Data for this exercise:

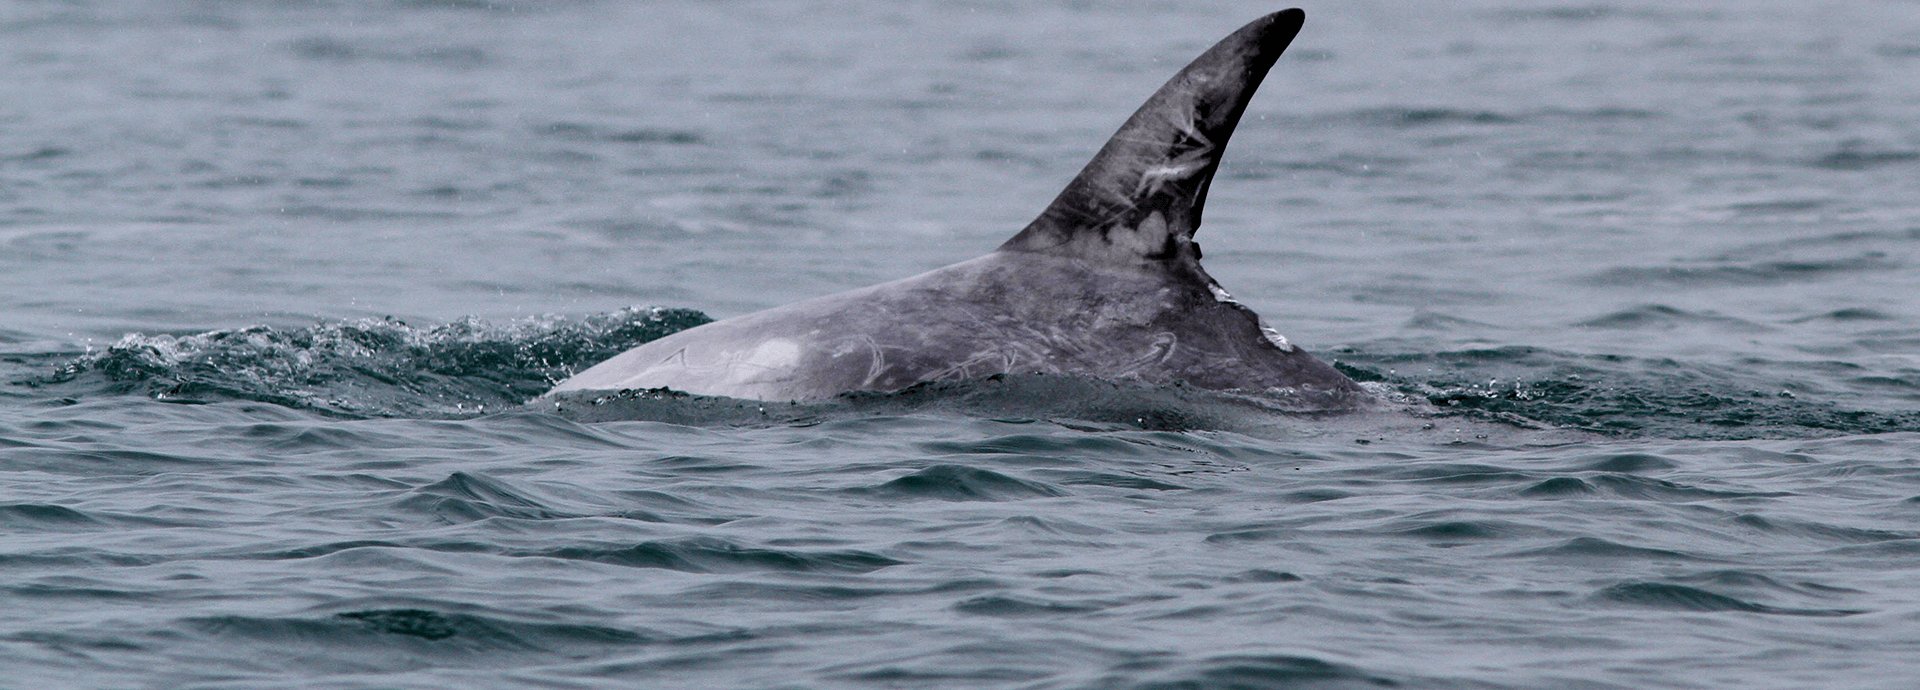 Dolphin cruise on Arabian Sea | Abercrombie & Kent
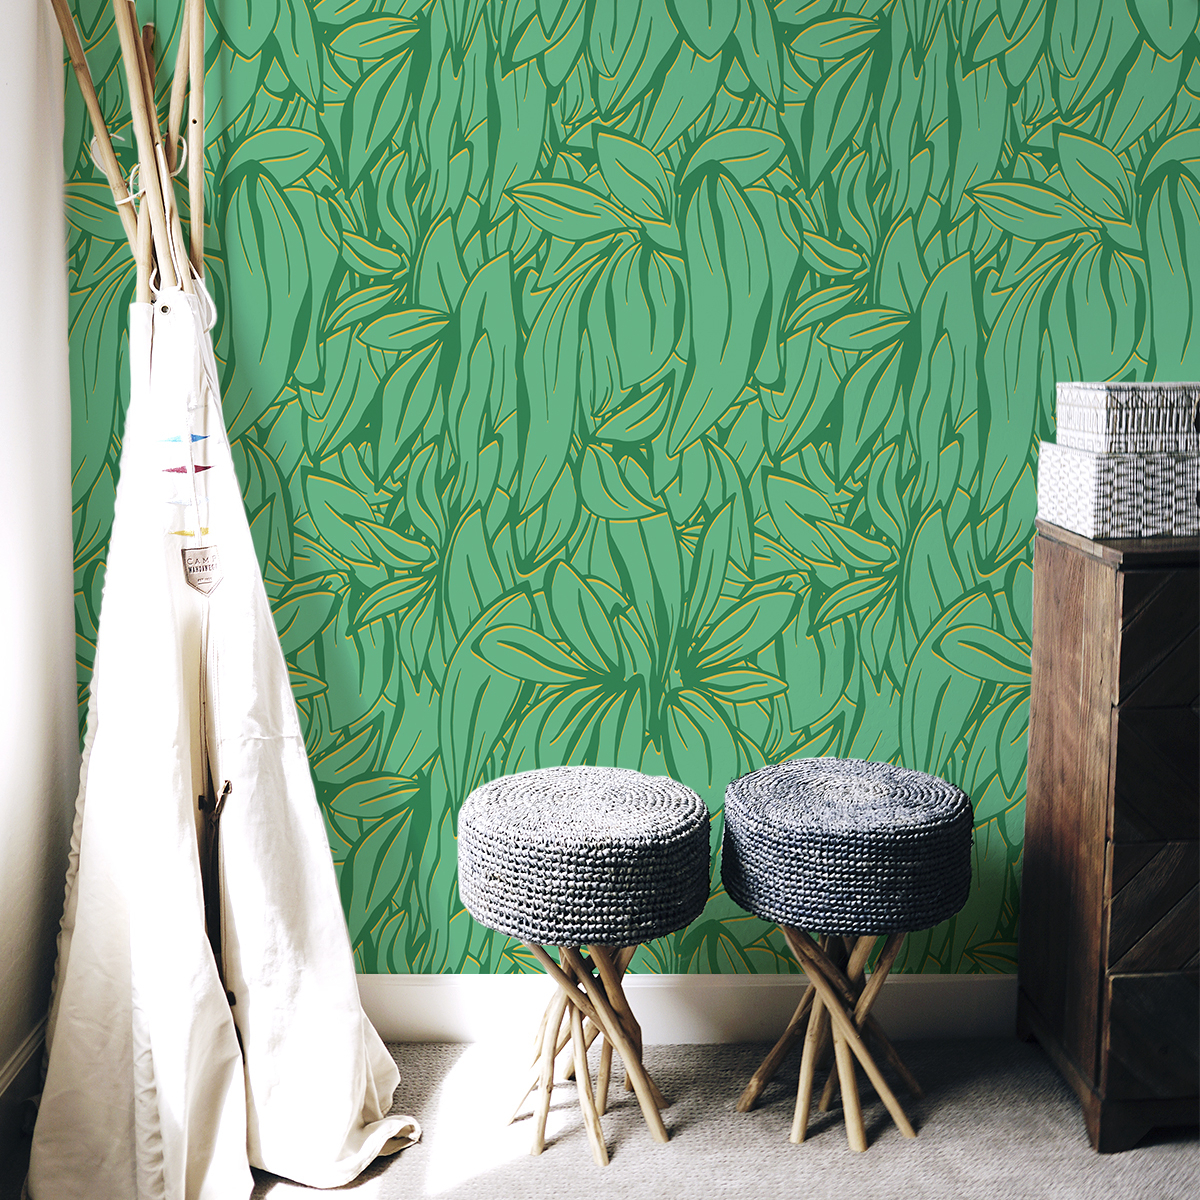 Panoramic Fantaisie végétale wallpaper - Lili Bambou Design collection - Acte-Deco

* * *

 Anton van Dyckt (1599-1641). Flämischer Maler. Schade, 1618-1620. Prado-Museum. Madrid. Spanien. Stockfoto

How to complete this task:
Taking the records above, print only and exactly the lines from the line with "Dolphin cruise on" to the line with "Panoramic Fantaisie végétale", both kept, and exclude pictures.

Written solution:
 Dolphin cruise on Arabian Sea | Abercrombie & Kent
 Panoramic Fantaisie végétale wallpaper - Lili Bambou Design collection - Acte-Deco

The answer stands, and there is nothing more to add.